METHODS
This retrospective cohort study was approved by the Institutional Review Board at Boston Children’s Hospital and included patients undergoing HSCT between January 2003 and June 2019. All patients who underwent allogeneic transplant at Boston Children’s Hospital in this time period (n=868) were identified through an HSCT program research database. Patients met inclusion criteria if they had a positive direct antiglobulin test and clinically significant hemolysis, defined by both a decrease in hemoglobin and evidence of at least one additional laboratory feature of hemolysis, including reticulocytosis, low haptoglobin, indirect hyperbilirubinemia, and/or elevated lactate dehydrogenase. The date of AIHA diagnosis was defined as the date on which the patient met these criteria. The study population included patients 0-25 years old who had AIHA following their first transplant. Patients who developed AIHA after a second transplant or who underwent autologous gene therapy were excluded.

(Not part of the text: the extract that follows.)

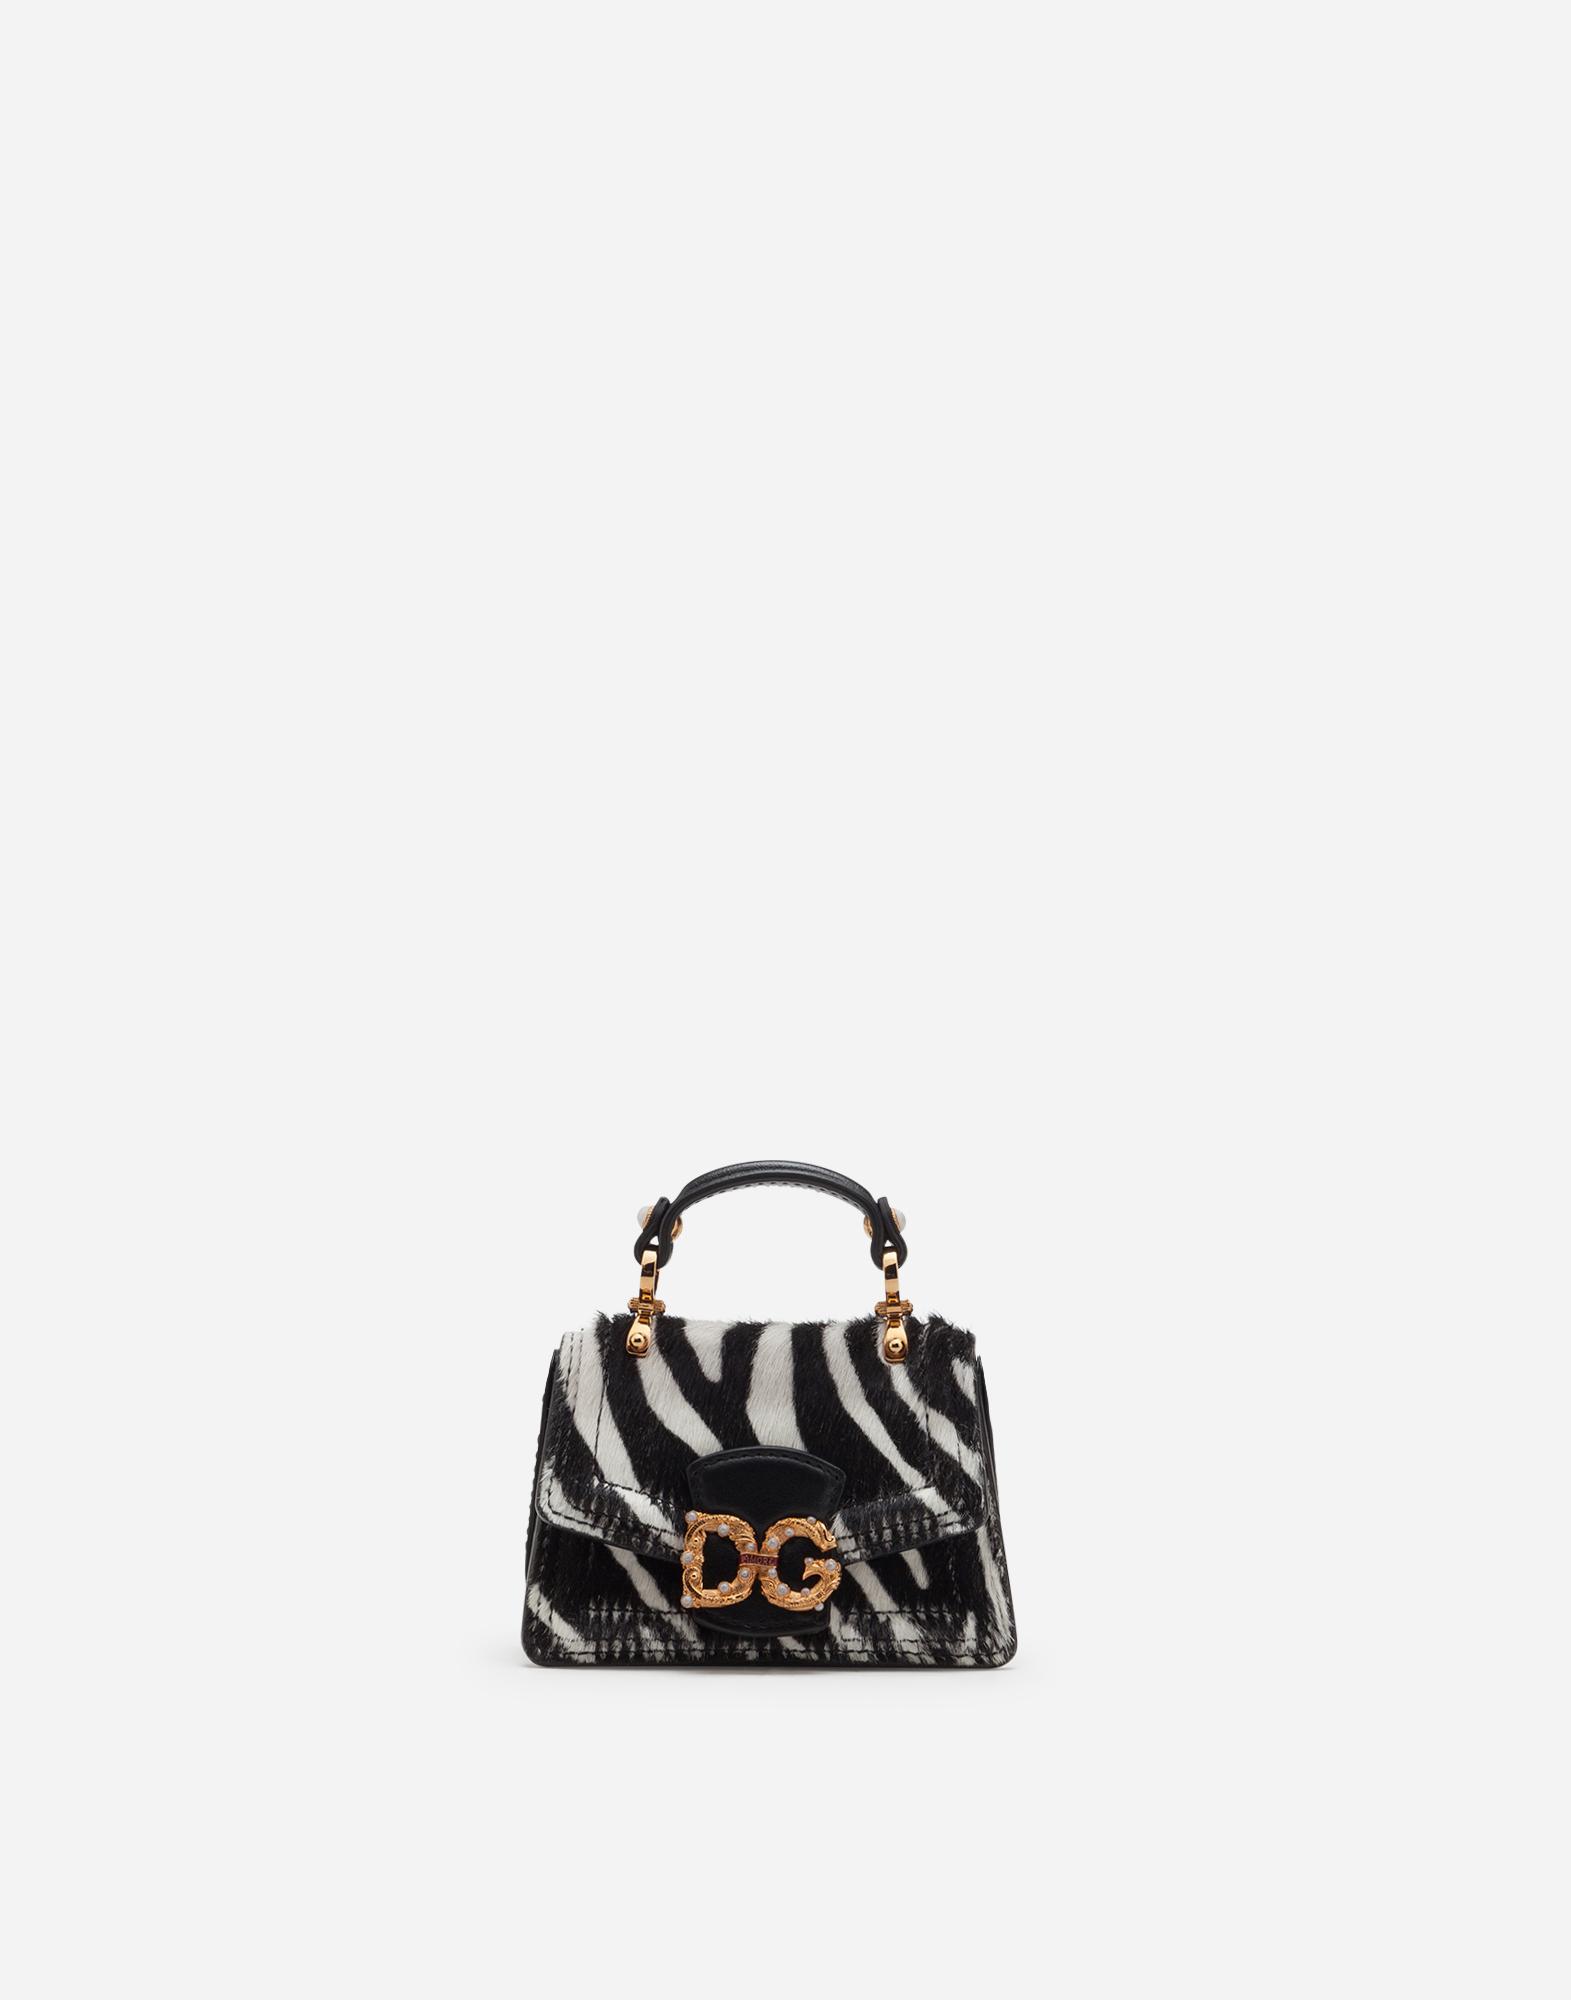 Mini Bag Runway Printed Shoulder Bag Travel Shoulder Bag High Quality Hot Sale

Demographic features, clinical characteristics, laboratory data, transplant types, conditioning regimen, GVHD prophylaxis, and treatments were obtained by chart review. Neutrophil engraftment date was defined as the first of three consecutive days of absolute neutrophil count greater than 0.5 x 109/L.[12] Acute and chronic GVHD were staged using Center for International Blood & Marrow Transplant Research definitions.[13] Cytomegalovirus (CMV) and Epstein-Barr virus (EBV) infections were defined as a detectable blood CMV or EBV polymerase chain reaction (PCR) test on two consecutive tests. Laboratory response to AIHA treatment was defined as a complete response if hemoglobin increased to prior baseline with no evidence of hemolysis by labs while on AIHA treatment, and partial response if hemoglobin increased but evidence of ongoing hemolysis was present while on AIHA treatment.[2, 10, 14] Non-response was defined as any response not meeting complete or partial response. Remission was defined as complete remission if the patient had no evidence of hemolysis while off all treatment for AIHA, partial remission if there was no evidence of hemolysis but patient remained on treatment for AIHA, and not in remission if there was ongoing evidence of hemolysis.
After identification of the cases, controls were identified in a 2:1 ratio through the HSCT program research database and matched for age, recipient sex, and malignant versus non-malignant diagnosis (Supplemental Table S1).